Au Rwanda, une ingénieure veut convaincre les filles de se lancer en sciences


Les sciences changent la vie des Africaines. La start-up Starlight, créée par Alice Mukashyaka, met en lumière des femmes reconnues dans les métiers des sciences, des technologies, de l’ingénierie et des mathématiques.

Alice Mukashyaka, longues dreadlocks relevées en queue-de-cheval et veste rose cintrée, boit son chocolat chaud à petites gorgées. La jeune femme a donné rendez-vous dans un café branché de Kigali, où se retrouvent expatriés et jeunes Rwandais aisés pour discuter et travailler sur leur ordinateur portable. Depuis que la crise du coronavirus est venue mettre un coup de frein à ses projets, c’est d’ici, ou de chez elle, dans le quartier de Kacyiru, que cette ingénieure passionnée d’éducation de 26 ans gère sa start-up, Starlight.

Lancée en 2016, l’entreprise ambitionne d’inspirer les jeunes Rwandaises à s’engager dans des filières STIM, un acronyme désignant les sciences, la technologie, l’ingénierie et les mathématiques. Dans un pays où plus de 70 % de la population travaille dans le secteur agricole et où les normes sociales ont encore la vie dure, elles sont peu nombreuses à emprunter ces voies pourtant indispensables au développement du pays, selon Alice Mukashyaka.

 Alice Mukashyaka 
Tremplin

La jeune femme sait de quoi elle parle. Originaire d’une famille rurale du nord du Rwanda, elle était l’une des rares filles de sa classe à poursuivre des études d’ingénieure après le lycée. « Les garçons disaient que c’était trop dur pour nous et que cela ne servirait à rien puisque de toute façon nous allions nous marier et faire autre chose.

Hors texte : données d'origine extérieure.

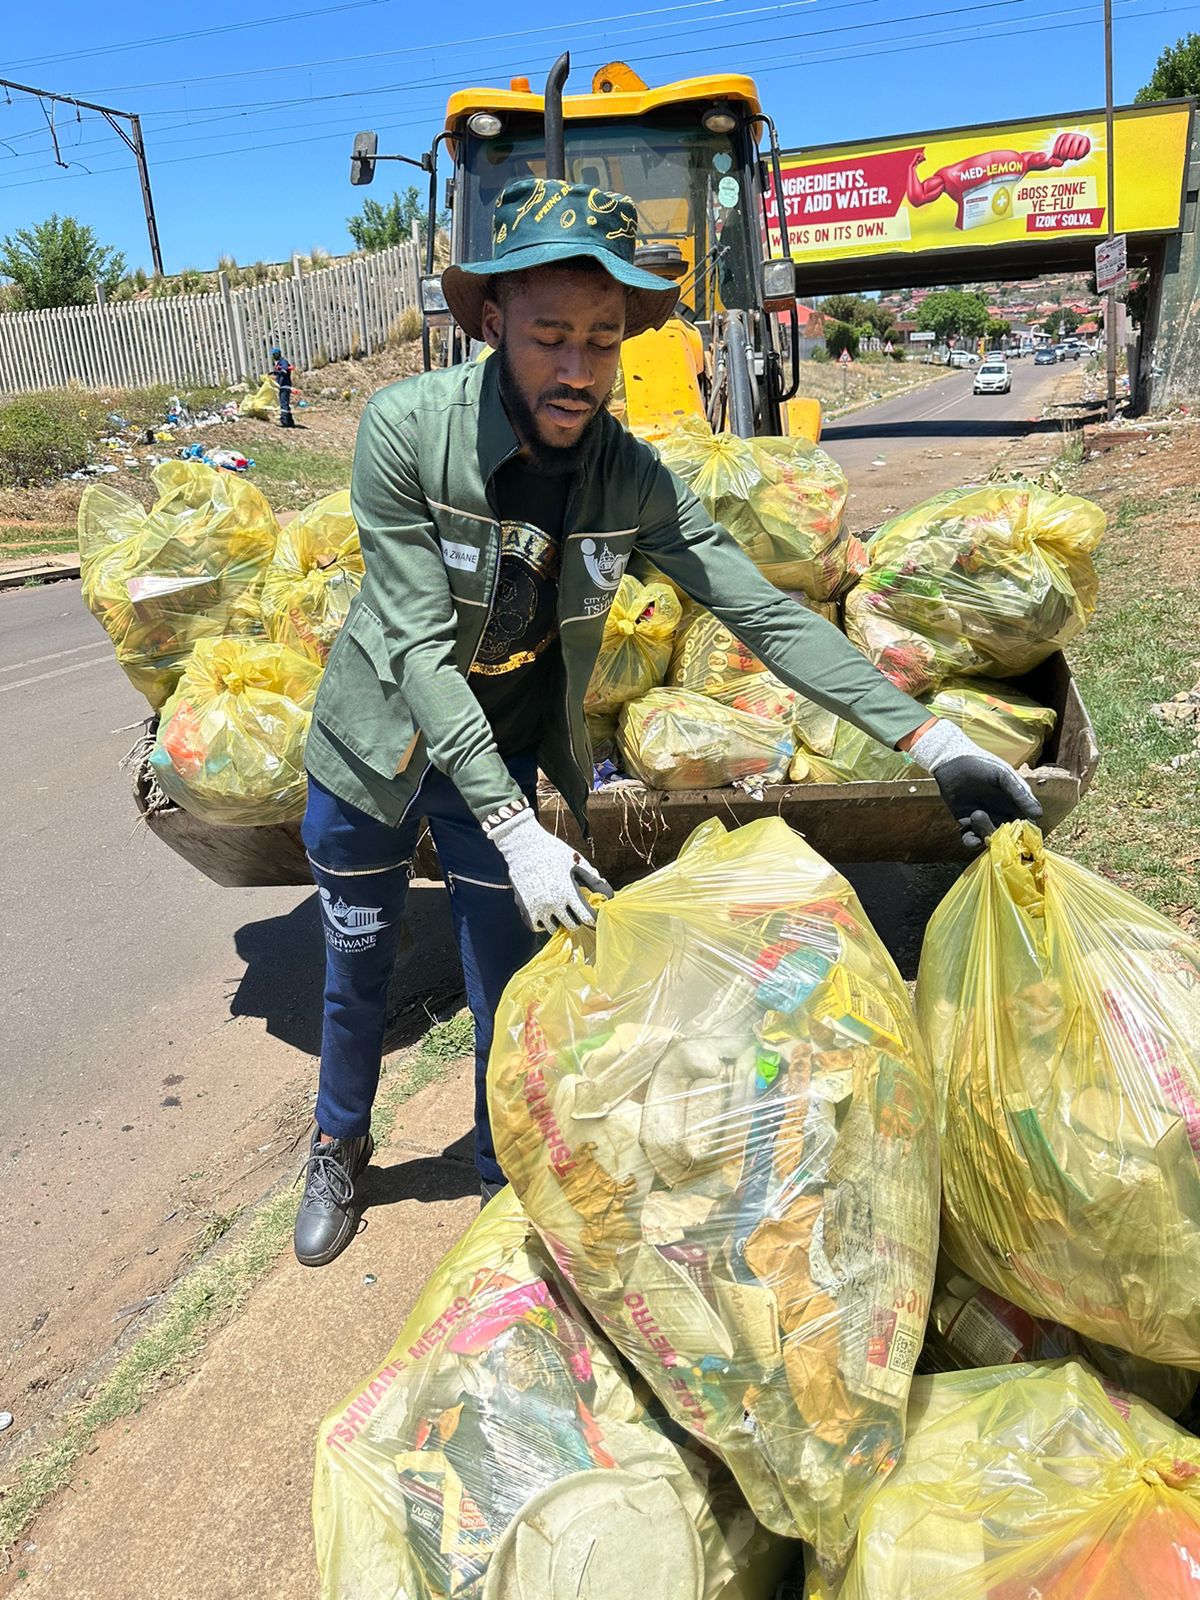 Getting his hands dirty City of Tshwane MMC for Environment and Agriculture Management Ziyanda Zwane put on overall and went to the street of Atteridgville in Tshwane

Aujourd’hui, cela n’a pas vraiment changé, c’est toujours un défi pour les jeunes filles », explique-t-elle.

Alice se souvient de plusieurs de ses camarades abandonnant ces matières pour se tourner vers les sciences humaines, considérées comme plus « féminines ». Depuis maintenant près de cinq ans, elle bataille au quotidien pour incarner au sein de Starlight un modèle pour les jeunes Rwandaises et leur montrer que d’autres femmes, avant elle, ont suivi le même chemin.

En 2017, sa start-up s’est associée à l’ONG américaine Career Girls pour concevoir un programme pédagogique composé d’exemples de carrière dans les STIM et de vidéos de femmes reconnues dans ces secteurs. « Jusque-là, il n’y avait pas ce type d’aide à l’orientation au Rwanda », souffle Alice. Pourtant, « souvent, les élèves aiment ces matières mais ne savent pas exactement quels sont les débouchés ».

A ce jour, Starlight Africa a fait suivre ses ateliers à environ 4 000 élèves dans le pays et levé 100 000 euros de fonds. Un beau tremplin, même si son activité a été mise entre parenthèses depuis début 2020, quand les écoles du pays ont fermé leurs portes à cause du coronavirus. Une mise en sommeil un peu longue à son goût, mais comme les élèves sont récemment retournés en classe, Alice prévoit de reprendre ses programmes en décembre.

Tout réussir

En parallèle à son nouvel objectif numéro un de 2022 : la commercialisation du produit qui, Alice l’espère, fera de son entreprise une productrice de kits solaires éducatifs. « Nous voulions introduire une méthode d’enseignement des STIM drôle et attractive », explique-t-elle. Ces kits, accompagnés d’un manuel, permettent aux élèves de construire une torche solaire en quelques heures et de mettre en pratique les enseignements théoriques délivrés par les enseignants.https://878deb422cb7791cbcbe589fa1c9872a.safeframe.googlesyndication.com/safeframe/1-0-38/html/container.html

Après les avoir utilisés lors des ateliers dans les classes, Starlight espère pouvoir les vendre à des écoles dans le pays. « Au Rwanda, doter les élèves de compétences utiles pour le monde du travail reste un défi, même si le gouvernement fait des efforts dans ce sens. Ici on étudie parfois encore l’ingénierie de manière seulement théorique, sans avoir vraiment l’opportunité d’aller sur le terrain », regrette-t-elle.

Starlight espère aujourd’hui pouvoir lever de nouveaux fonds. Une tâche difficile dans le contexte actuel, admet la jeune entrepreneuse, qui reste malgré tout optimiste. En attendant, et comme elle ne lâche rien, Alice Mukashyaka continue de se consacrer à sa passion, l’éducation, en tant que chef de plaidoyer dans un projet de recherche sur l’éducation du futur dans le cadre d’un rapport commandé par l’ONG Restless Development, qui sera présenté en décembre lors du sommet Rewired sur l’éducation à Dubaï. Scientifique, financière et éducatrice… tout faire à la fois. Et tout réussir, tel est son défi.